The league had to come into Central Texas, Corpus Christie, and El Paso. Where it made sense to find new ownership, they did. Where there wasn't a sustainable model, as in Central Texas, they shuttered the team. Knowing, though, that scorched earth is not a way to conduct business, the striking difference between the modern day CHL and its peers is how upright it is about handling its failures as well as its successes.

"It doesn't do you a bit of good to go through problems and not learn from them. You learn a hell of a lot more from your failures than you do from your successes."

The First Acquisition Rewrites the Hockey Map

In June of 2001 the Central Hockey League and the WPHL merged.

"There was a lot of overlap, to the extreme that in one place, we were in the same market, for goodness sakes, in Fort Worth" says Treliving. "Consolidation... that's what happens in today's world. Is there an opportunity to be stronger together than there is to be separate?"

On paper, and to their credit in the league's history on their website, the CHL took over the WPHL. The fact is quite the opposite: The management of the modern Central Hockey League is WPHL all the way. Treliving became president, and Kozuback, with the WPHL partnership, formed Global Entertainment as an overhead holding company for the league.

The old CHL was a largely centrally-owned operation with several of both its independent and league-owned teams teetering on the edge of collapse. The WPHL had some dead wood in its pile as well in places like Tupelo. The merger took the strongest teams of both leagues to make a greater whole. Several weaker clubs were weeded out of both operations. The new reach of the CHL covered the Midwest to the desert Southwest.

In one step, the CHL leapfrogged over the UHL as a dominant league both in numbers and quality.
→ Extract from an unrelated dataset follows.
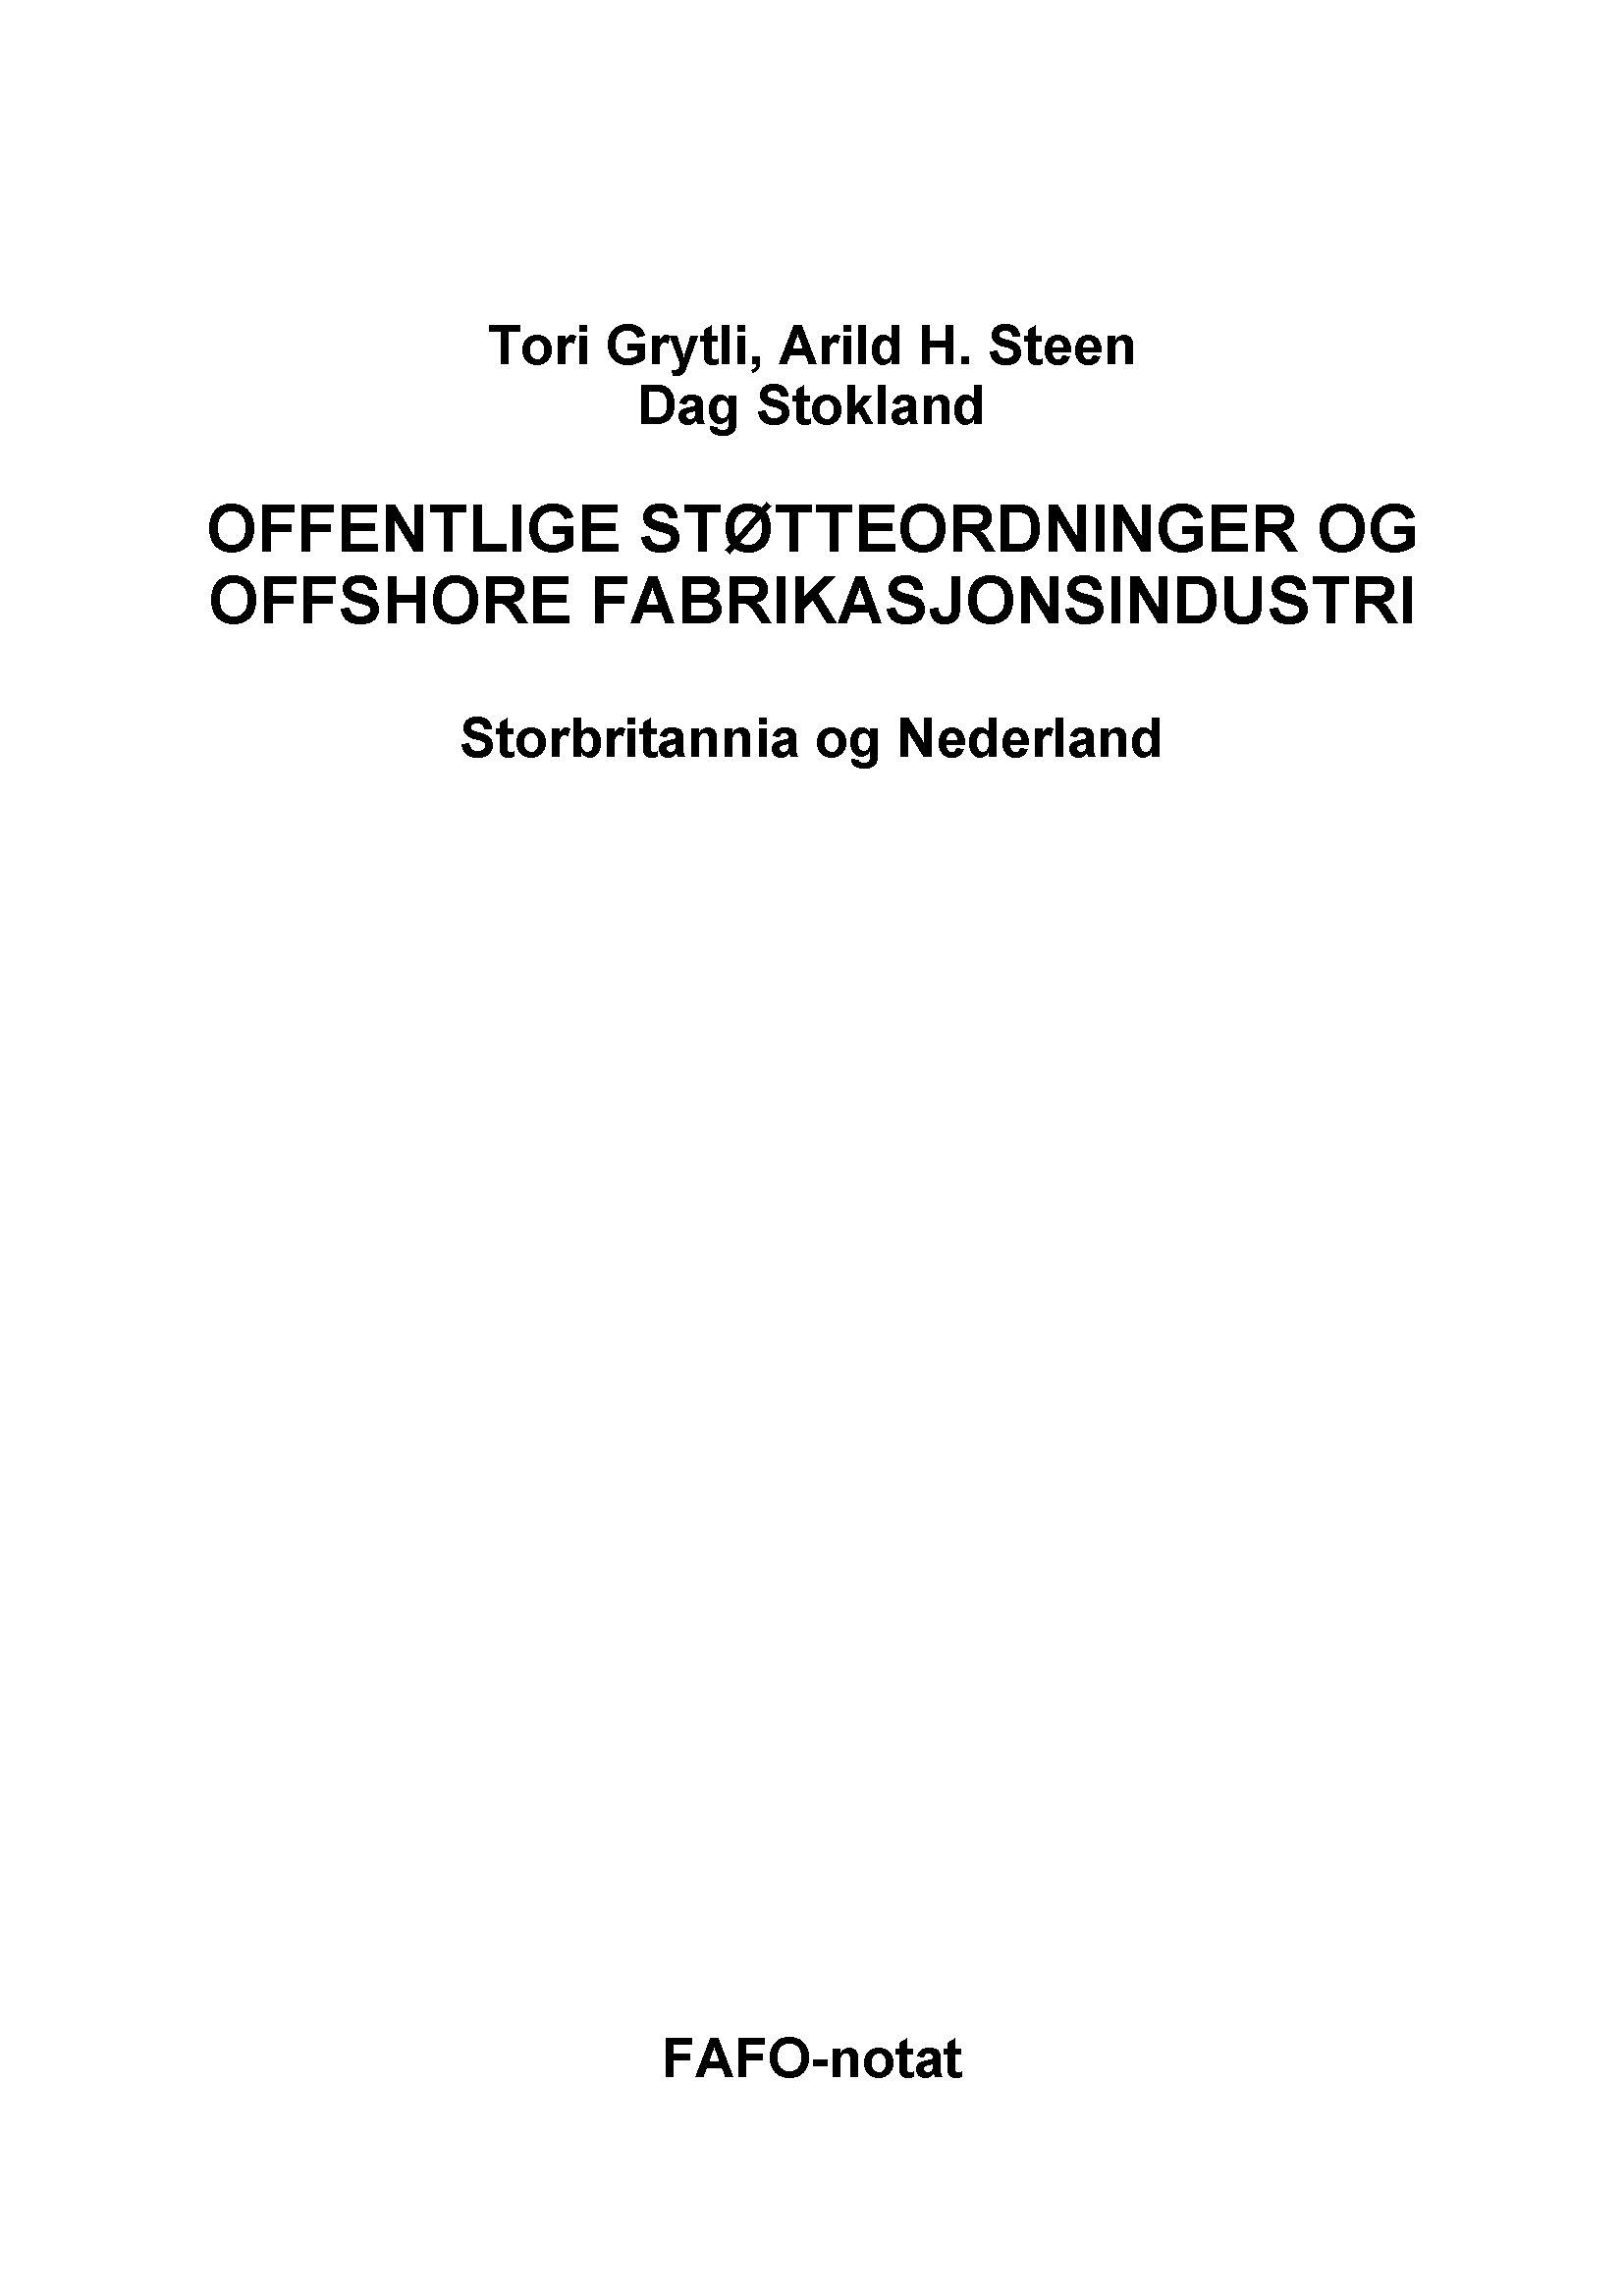 Offentlige støtteordninger og offshore fabrikasjonsindustri Storbritannia og Nederland

Lobbying by Treliving and his owners, managers, and coaches secured more affiliation agreements for Class-AA level hockey with the NHL.
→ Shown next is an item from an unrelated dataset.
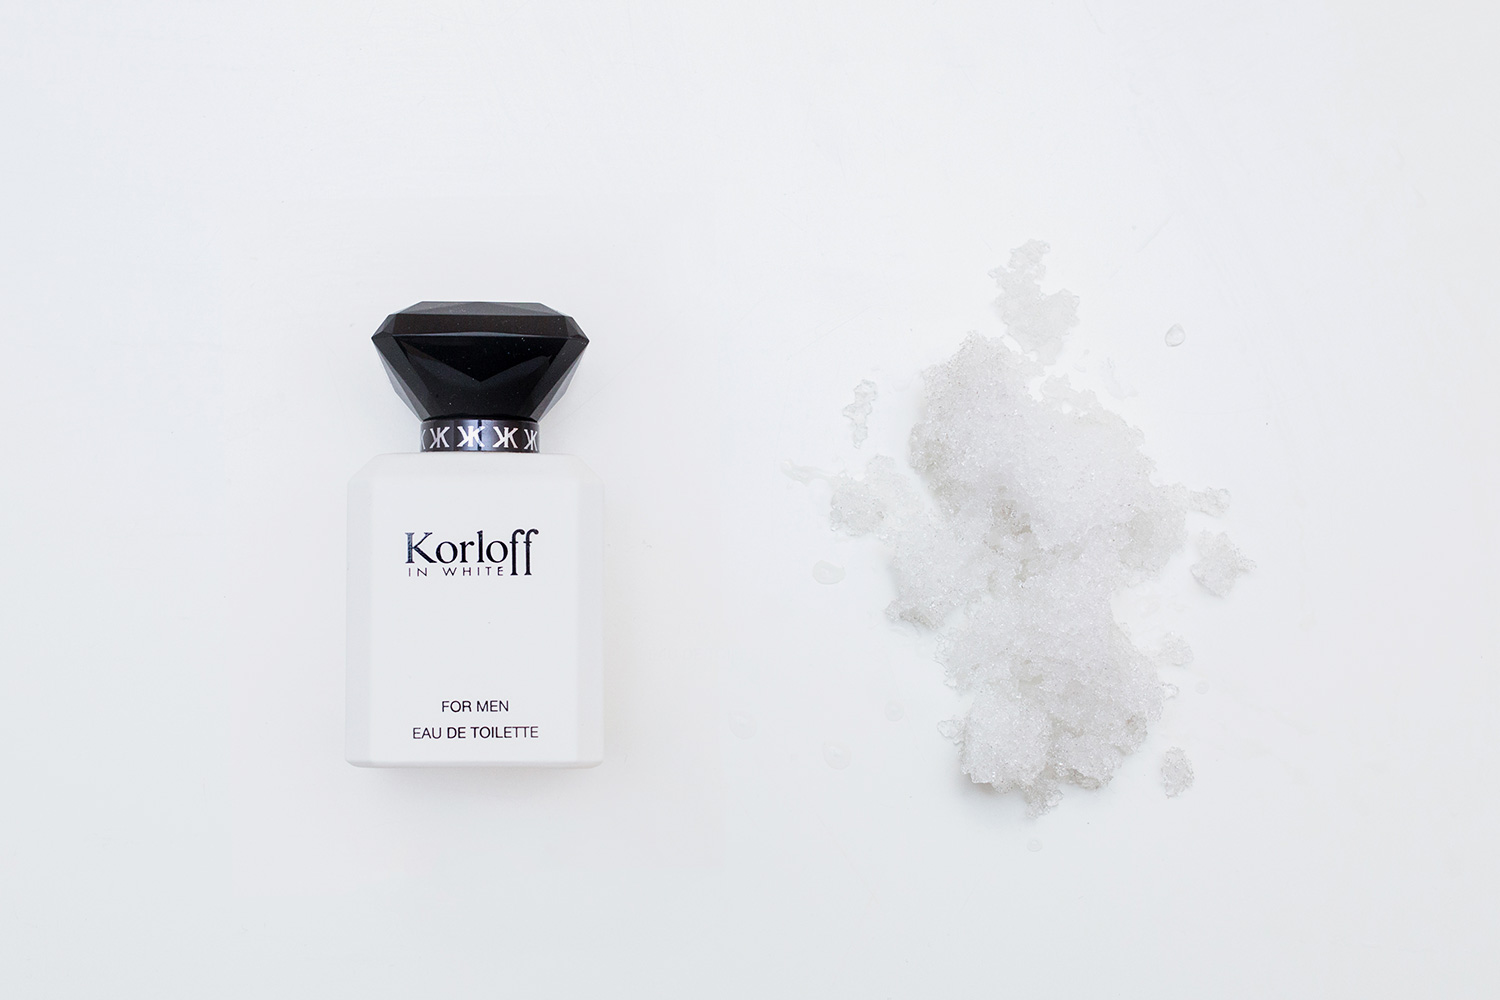 Korloff In White by Korloff Paris, 4400 р. в Articoli в ГУМе

Size and stability were also noticed by the East Coast Hockey League, which moved to assert its market dominance in Class-AA by absorbing the West Coast Hockey League (WCHL).

Sources at the CHL acknowledge that it has been, at times, in talks with both the UHL, which strongly denies any such discussions on the record, about a possible merger. Word is that they looked at the WCHL prior to the merger with the ECHL, but that there wasn't enough of the strengths of their franchise model to warrant a serious discussion of incorporating the small West-Coast league into the CHL fold.